I picked up the magazine that was on top of the stack, which happened to be about fitness. I flipped through it and found an interesting article. It was all about the stuff you have to do to stay fit. You’ve seen the list: drink gallons of water every day, run thousands of miles, eat only organically grown super foods…  One could grow old just reading the list.

But the kicker was the conclusion of the piece. The author noted that most people can’t do everything on the list perfectly. As a matter of fact, many people read about all the things they need to do and become frustrated. They think, I can’t do all this stuff, and they give up.

But the article advised if you can’t do everything, at least do something. Their premise was to start small, then add to your fitness regimen as you get used to each step. Their suggestion was to throw a handful of blueberries on your cereal each morning. Blueberries have tremendous antioxidant properties and are very beneficial to one’s health. I read the following in an article about antioxidants on

Wild blueberries are the winner overall. Just one cup has 13,427 total antioxidants – vitamins A & C, plus flavonoids (a type of antioxidant) like querticin and anthocyanidin. That’s about 10 times the USDA’s recommendation, in just one cup! Cultivated blueberries have 9,019 per cup and are equally vitamin-rich.

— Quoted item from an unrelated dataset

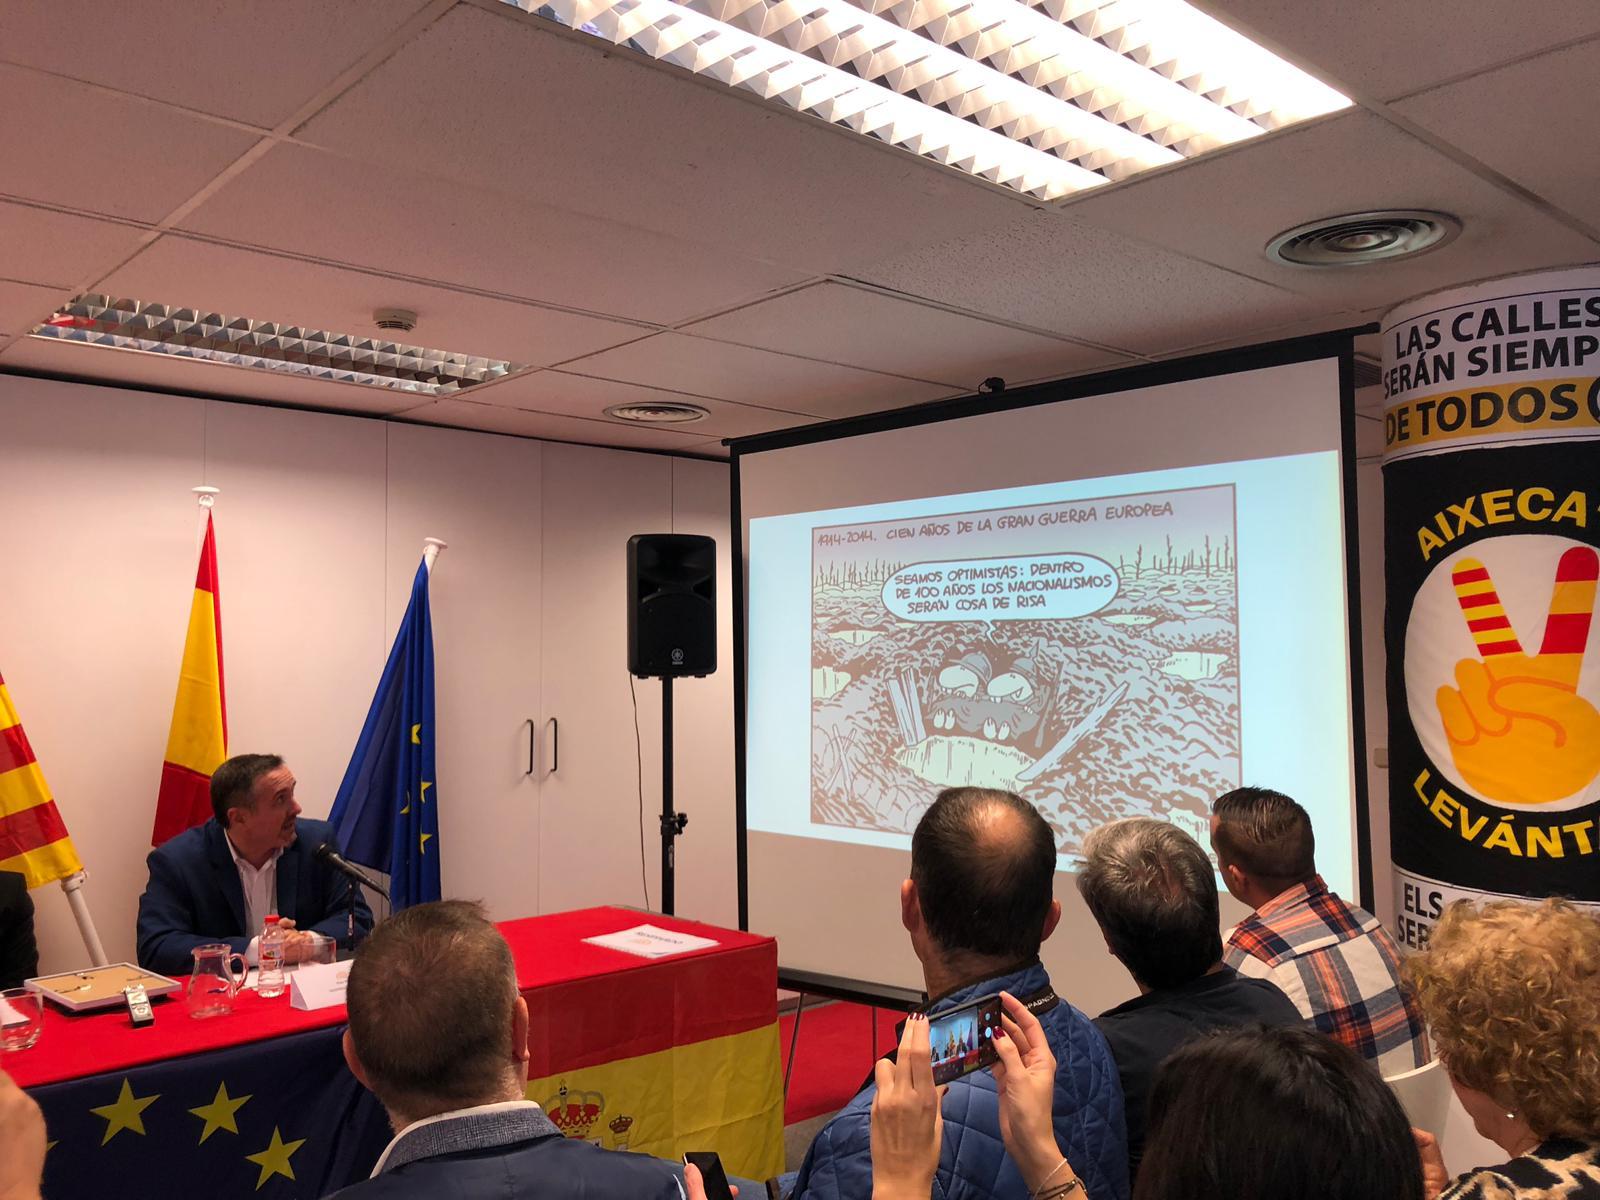 Acto de presentación de la Asamblea Nacional Española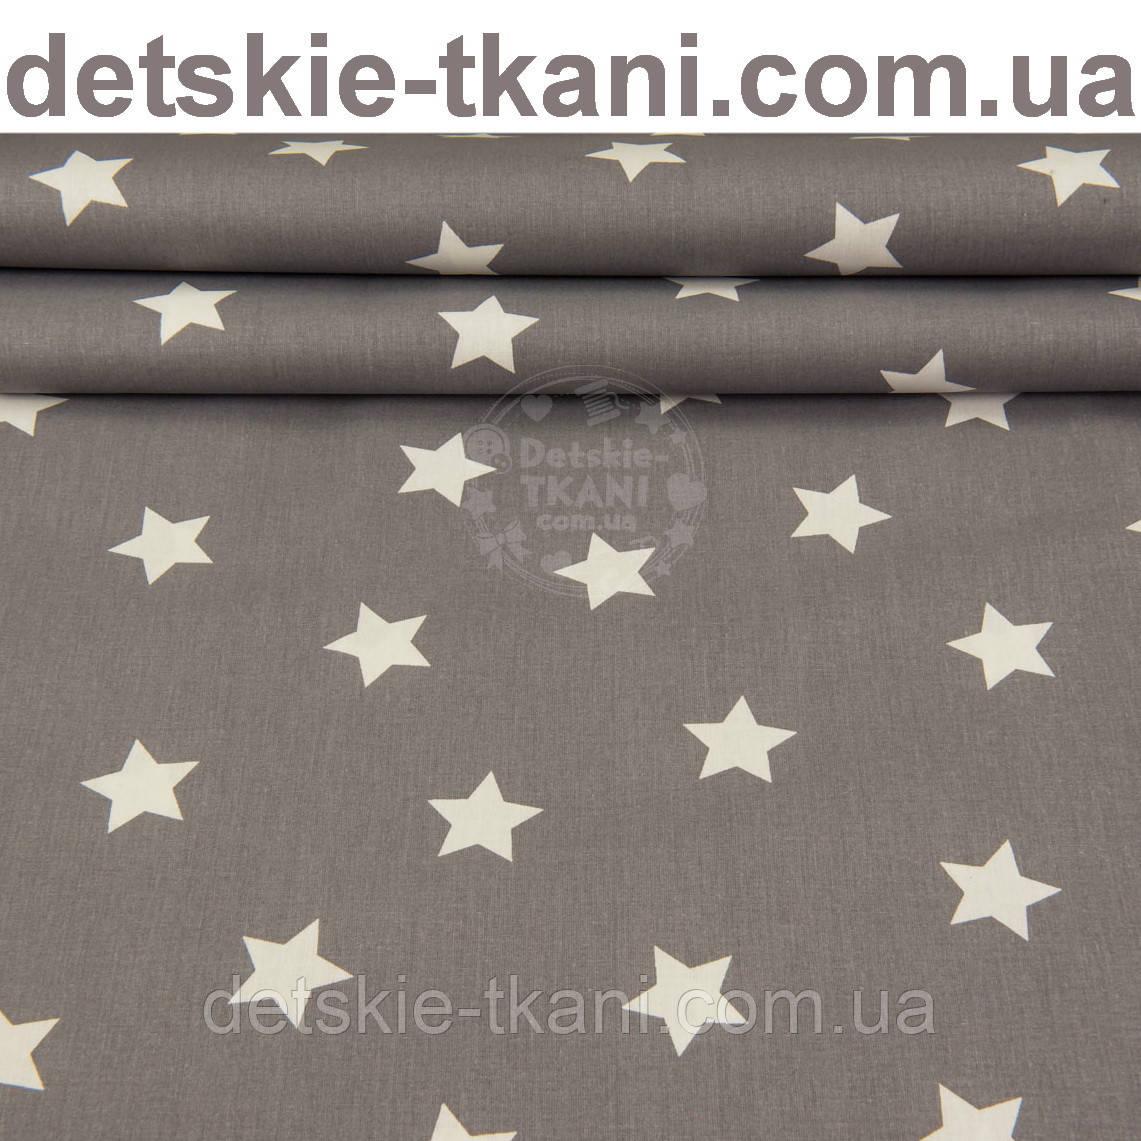 Лоскут ткани с белыми звёздами 3 см на графитовом фоне, (№1108) размер 118*37

The theory of blueberries made sense to me. Even though I read that article years ago, I still drop a handful of blueberries on my oatmeal every morning.

* * *

Lately, I’ve been thinking about how to make a comparison between getting physically fit and getting fit as an author. There’s a lot to this writing business. I’ve heard people return from writers’ conferences feeling overwhelmed by all the information they’ve been trying to absorb: plotting, characterization, self-editing, point-of-view, editors, agents, self-publishing, just to name a few.

A new author may feel he/she has to incorporate every aspect of good writing in order to write that first novel, and may be too intimidated to try. “There’s no way I can do all that,” she says, and gives up.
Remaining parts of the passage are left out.